The agency believes that the "lockability" requirement should be retained until virtually all child restraint systems in use have the attachments that connect the restraint to the child restraint anchorage system. The agency believes that on average, child restraints are used not more than ten years. Since all new child restraints will be required to have attachments that connect to the child restraint anchorage beginning in 2002, then by 2012, most child restraints in use will be able to use the child restraint anchorage system and will not need lockable belts. Therefore, this rule rescinds the lockability requirement beginning September 1, 2012. This recession applies only to seats with a child restraint anchorage system, not all seats.

It is possible that easier to use and more secure child restraints could result in an increase in child restraint use. There could be some people that get so frustrated with using child restraints that they don't use them at all or don't want to take the time to move the child restraint from one vehicle to the other. With about 35 percent of the rear seats of new passenger cars having seat belt anchorages 4 inches or more away from the seat bight, consumer confidence in the safety of their child restraint system is probably eroding. The consumer clinic showed that the number one consumer safety concern was with how tight (secure) participants could get the child restraint. With an anchorage point 4 inches from the seat bight, it is impossible to secure the child restraint tightly, and testing shows that a seat with the anchorage point 4 inches away from the seat bight increases the probability of severe or greater injury by over 11 percent. The agency fears that the more forward seat belt anchorages will erode consumer confidence in the child restraint systems and could result in less use of child restraints. Use of a child restraint is the most important factor for safety. Being able to tightly secure a child restraint provides consumers with confidence in their safety and has the most potential for the highest use of child restraints. The agency could not estimate these potential impacts.

The agency would also expect that with a new child restraint system becoming available, public interest in child restraints will rise and there may be an increase in overall child restraint use. Again, no estimate could be made of the potential magnitude of the increase in child restraint use.

Costs

This Final Economic Assessment relies in part on the cost, weight and lead time analysis performed by Ludtke and Associates, in conjunction with RFH and Associates, under contract to NHTSA. The contractors reviewed existing child restraint configurations, considering the full range of usage, features and sizes. The contractors also reviewed vehicle configuration; seat operating mechanisms, vehicle seat support structure, and a range of vehicle sizes and types. Evaluation of both the child restraint and the vehicle configuration were considered in respect to the various types of child restraints; that is, convertible seats (forward and rear facing), infant seats (rear facing), shield type booster seats, toddler seats and car beds. Vehicle seating positions examined were: right front, center rear, and rear outboard (two positions). Cost and weight estimates were made for rigid and nonrigid anchorage systems. Some of those cost and weight estimates are used in this Final Economic Assessment.

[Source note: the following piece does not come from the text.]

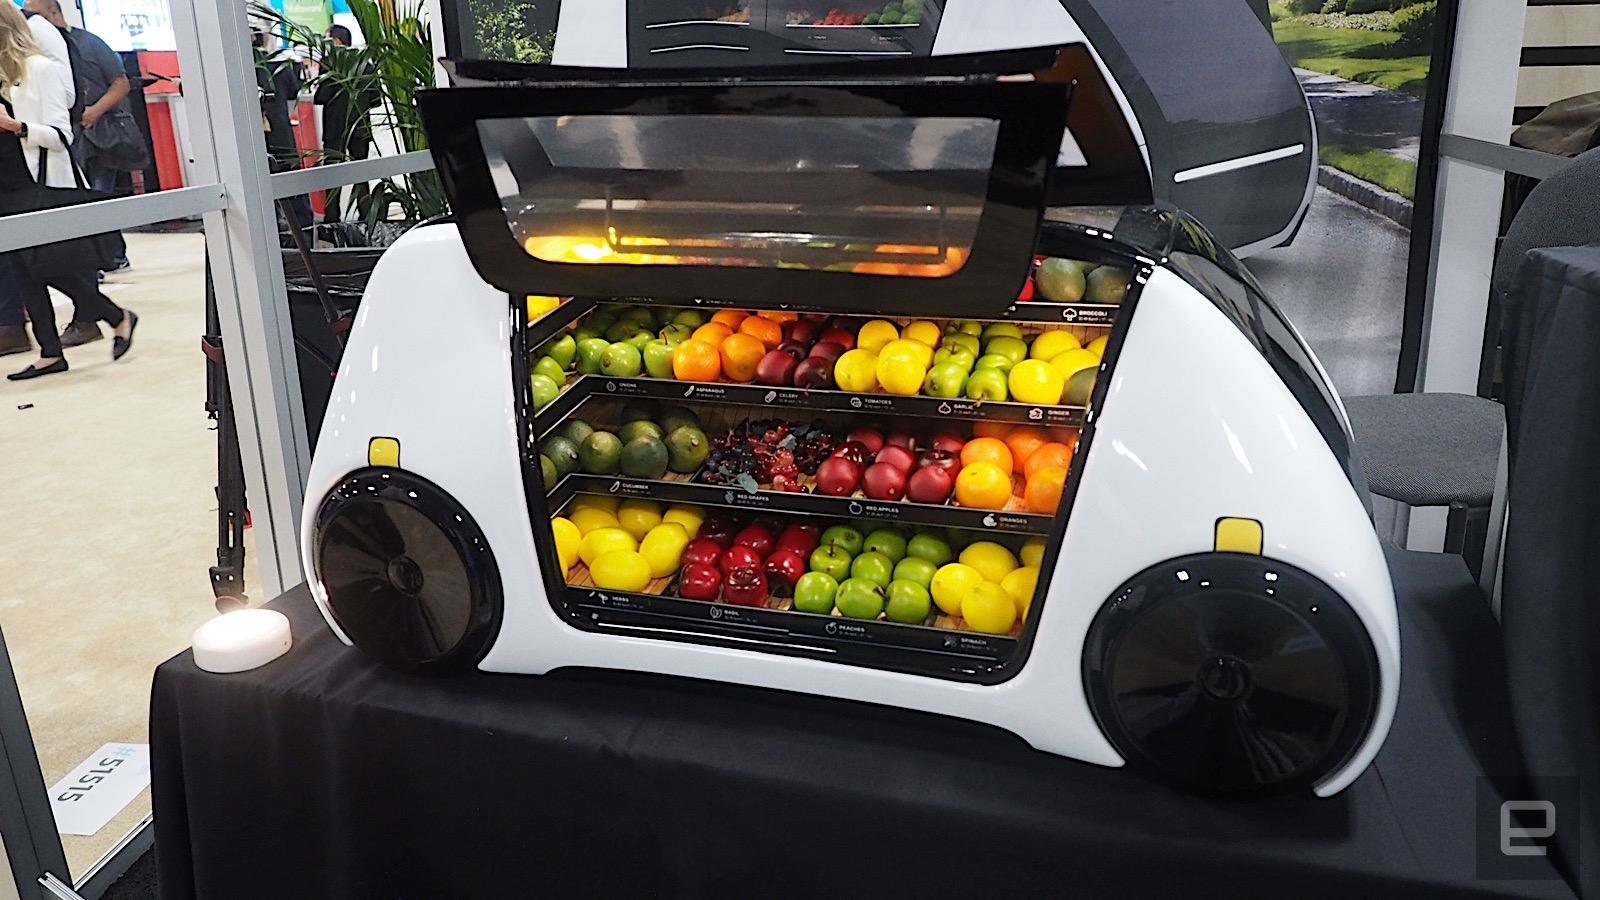 Robomart: Im Sommer kommt der autonome Gemüsehändler auf die Straßen

For the rigid connector child restraint system, the contractor designed a frame base that held two side rails which contained front and rear latch assemblies. Prototype designs shown by the child restraint manufacturers indicated that they would design the rigid system into the base of the child restraint at a much lower cost than the cost for a frame base. Costs estimates used in this FRE are a combination of cost estimates from Ludtke and Associates, information provided by child restraint and vehicle manufacturers to NHTSA at meetings, and judgment by NHTSA when other data were not available.

Cost figures used in the FRE are different from those prices provided to the Child Restraint System Clinic. The largest price difference was $22. The agency estimated the incremental cost of the rigid child restraint system to be $43, while the clinic's incremental cost was $65. For the nonrigid child restraint system with buckles, the agency's incremental cost was $15.60 compared to the clinic's incremental cost of $10. The agency estimated the tether strap to be $3.87 while the clinic's cost for the tether strap was $5. Clinic costs were estimates and were not based on specific tear down studies.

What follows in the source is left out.